Koala is a language model fine-tuned on top of LLaMA. Check out the blogpost! This documentation will describe the process of downloading, recovering the Koala model weights, and running the Koala chatbot locally.
Due to the licence of the LLaMA model, we cannot directly release the fine-tuned Koala model weights. Instead, we release the diff of weights, which can be used to recover the Koala model weights with the origina LLaMA model weights. The diff weights can be downloaded from the following sources:
The first step of recovering the Koala model weights is to obtain the original LLaMA model weights and convert it to EasyLM checkpoint format.
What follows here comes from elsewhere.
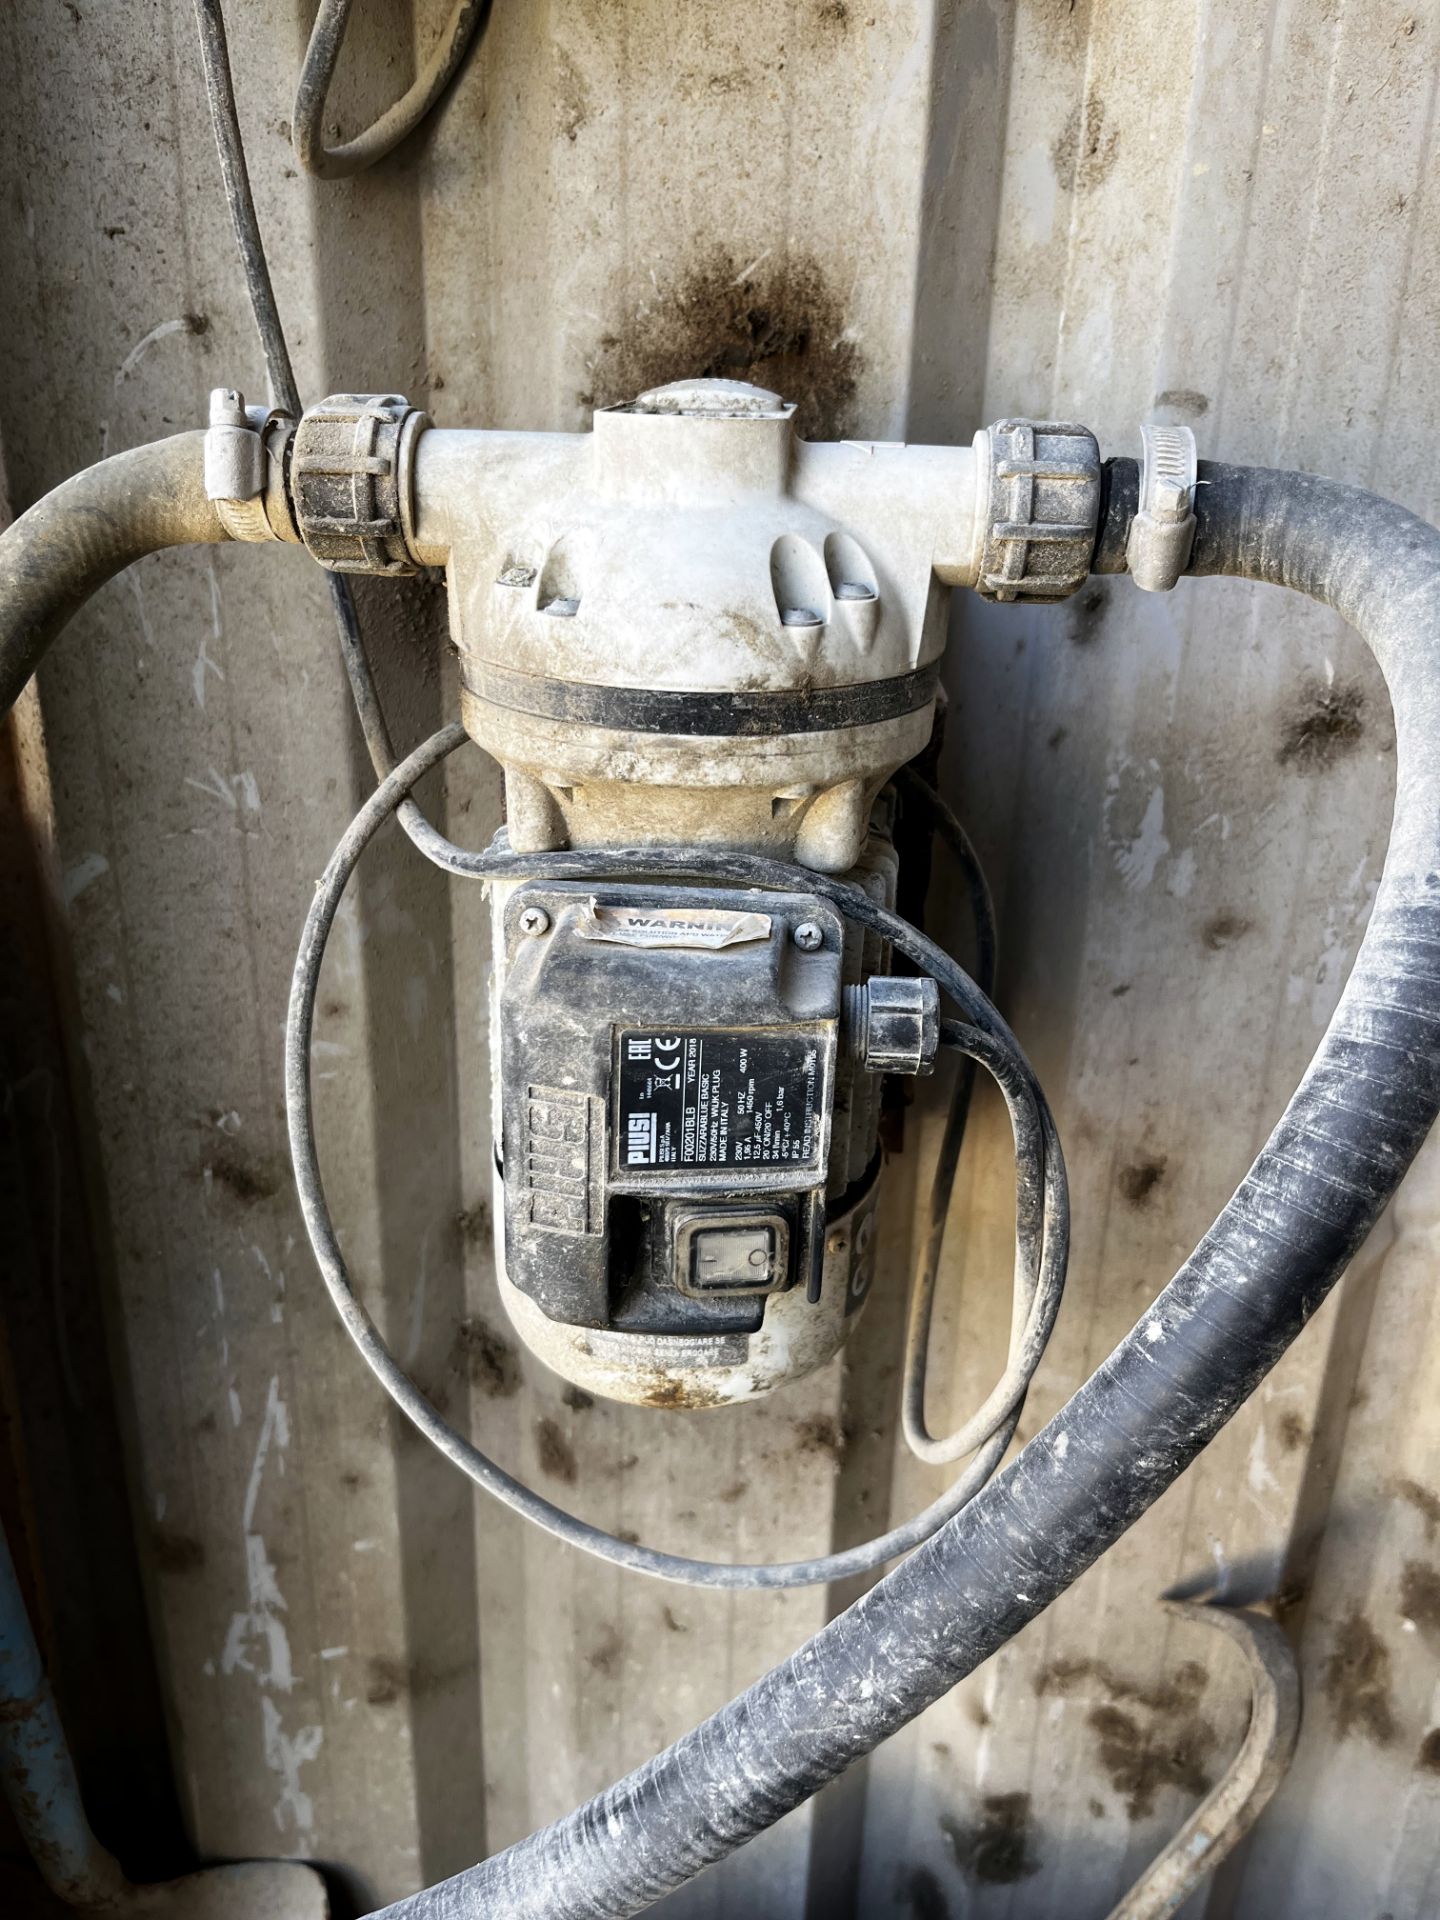 ADBLUE Tank & Dispenser (Part Used) with Piusi F00201BLB 2018 Pump & Fuel Hose on Reel - Image 4 of 6

To convert the weights, use the following command:
python -m EasyLM.models.llama.convert_torch_to_easylm \
--checkpoint_dir='path/to/torch/llama/checkpoint/directory' \
--output_file='path/to/output/easylm/checkpoint/file' \
--streaming=True
This script will convert the official torch checkpoint from Meta to the streaming checkpoint format used by EasyLM. For more information about the checkpoint format of EasyLM, see the checkpointing documentation.
After converting the original LLaMA model weights, you can recover the Koala model weights with the following command:
python -m EasyLM.scripts.diff_checkpoint \
--recover_diff=True \
--load_base_checkpoint='params::path/to/llama/checkpoint/file' \
--load_target_checkpoint='params::path/to/koala/diff/checkpoint/file' \
--output_file='path/to/output/checkpoint/file' \
--streaming=True
You can serve the LLaMA model with the LMServer of EasyLM. To do so, use the following command:
python -m EasyLM.models.llama.llama_serve \
--load_llama_config='13b' \
--load_checkpoint="params::/path/to/recovered/checkpoint" \
--tokenizer.vocab_file='/path/to/tokenizer.model' \
--mp_mesh_dim='-1,1' \
--dtype='bf16' \
--input_length=1024 \
--seq_length=2048 \
--do_sample=True \
--lm_server.batch_size=1 \
--lm_server.port=5009 \
--lm_server.pre_compile='chat' \
--lm_server.chat_prepend_text='BEGINNING OF CONVERSATION: ' \
--lm_server.chat_lm_prefix='GPT:' \
--lm_server.chat_lm_suffix='</s>' \
--lm_server.chat_user_prefix='USER: ' \
--lm_server.chat_user_suffix=' '
Then navigate to http://localhost:5009
to interact with the chatbot.
You can also convert the Koala model weights to HuggingFace Transformers format, so it can be used with the LLaMA implementation in transformers. To do so, use the following command:
python -m EasyLM.models.llama.convert_easylm_to_hf \
--load_checkpoint='params::path/to/koala/checkpoint' \
--tokenizer_path='path/to/llama/tokenizer' \
--model_size='13b' \ # '7b', '13b', '30b' or '65b'
--output_dir='path/to/output/huggingface/koala/checkpoint'
As can been seen in the serving command above, the Koala chatbot requires a series of prompts to be prepended and appended to the user input in order to generate response correctly. Hence, to use the Koala weights in other frameworks, you will need to process the prompts accordingly.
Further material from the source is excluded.